See also Company Liquidation: Closing a Thai Limited Company.

There is no definition of corporate crime in the Thai Criminal Code. Corporate Criminal Liability is imported from corporate civil liability. Corporate Civil Liability is when a company is sued in civil court for a wrongdoing by the company or in the name of the company.

Corporate Crime is defined as crimes committed by individuals acting within the scope of their employment with the intention to benefit the corporation. An example is if an employee bribes government officials to ensure that a company’s project is approved. The employee is committing an illegal activity for the benefit of the corporation. The purpose of criminal liability is to place the corporate assets at risk as a deterrent to criminal activities.

A Corporation is a juristic person which is legal person under the law. The Thai Supreme Court has declared that as a legal person, a corporation can be subject to criminal law. As such, the Corporation can be charged with a crime if all the elements of the crime have been met. The difference is that a Corporation cannot be incarcerated. However, the company can be dissolved (death penalty), have their assets seized, or required to pay fines.

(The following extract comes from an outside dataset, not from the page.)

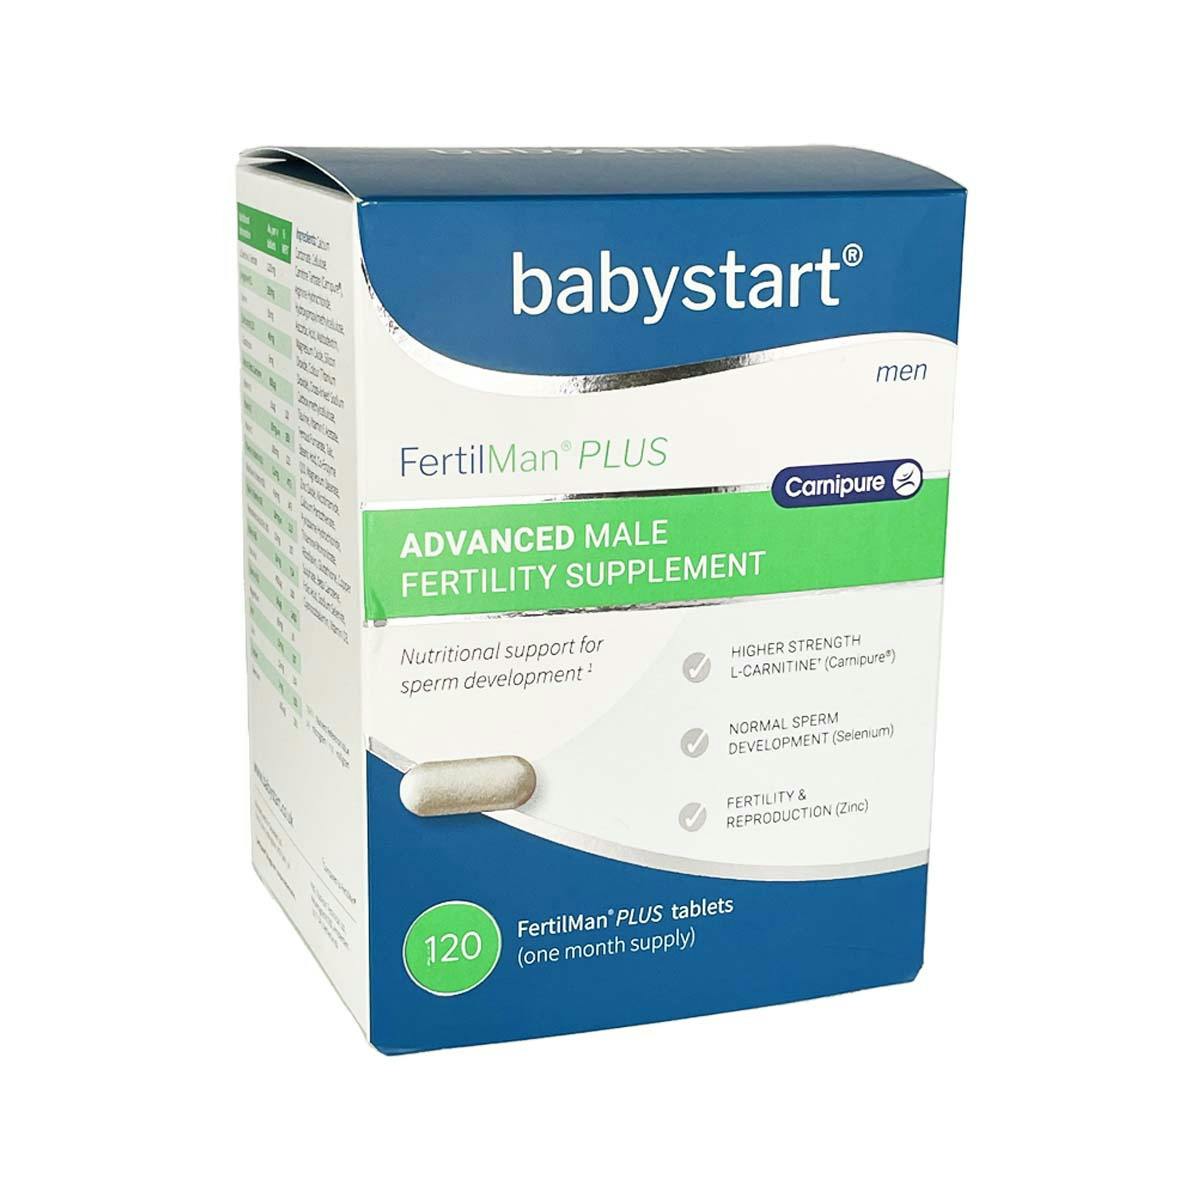 Babystart FertilMan Plus Advanced Male Fertility Supplement - 120 Tablets

In addition, the company directors and managers can be removed from the company and individually charged with the crime. They can be criminally liable for offenses made by the company’s employees and could be incarcerated for crimes made for the company. The director or manager is not liable for passive act such as the lack of adequate instruction. The director or manager’s actions must be deliberate with intent or knowledge of the illegality of the action.

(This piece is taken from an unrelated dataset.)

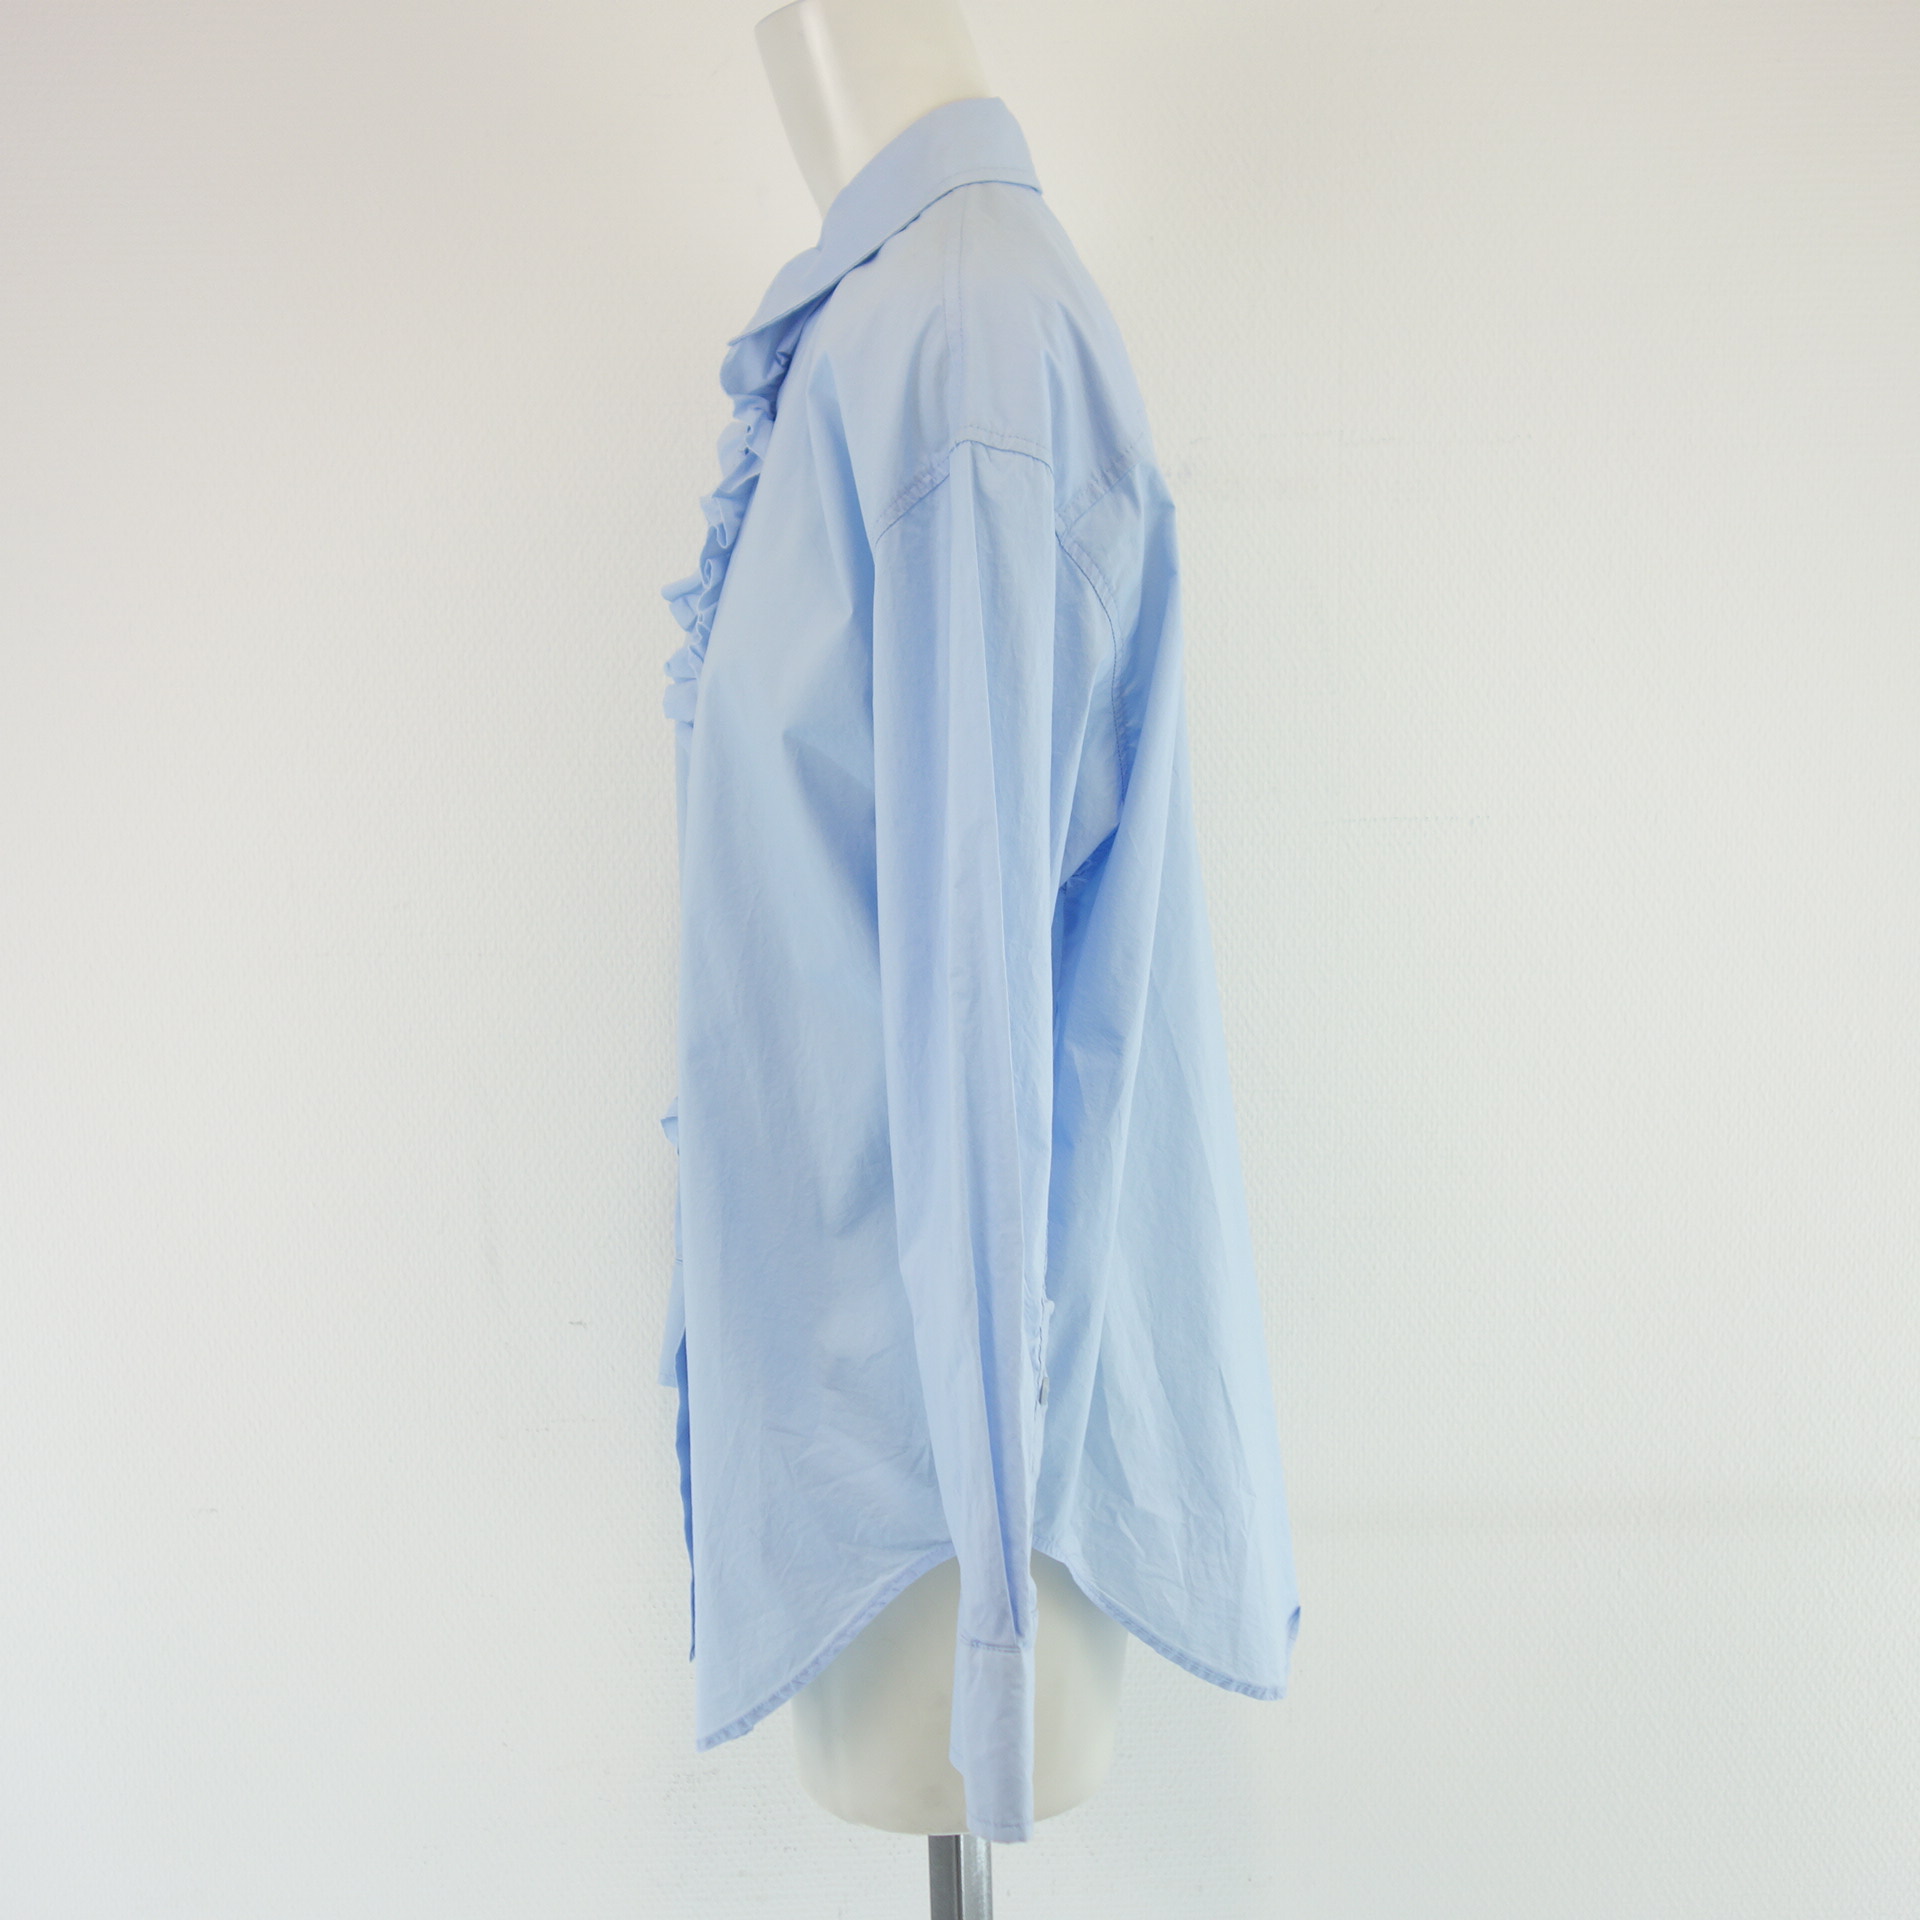 MARC AUREL Damen Bluse Tunika Oberteil Shirt Blau 100% Baumwolle Gr 38

The burden of proof for corporate criminal liability is higher than in corporate civil liability. The prosecution must prove all of the elements of the crime beyond a reasonable doubt which can be difficult for corporate crimes. The parties to the crime and the company directors have a right to refuse to testify if the testimony will assist in incriminating them. A company can raise the defense that they have taken all reasonable actions to prevent the crime.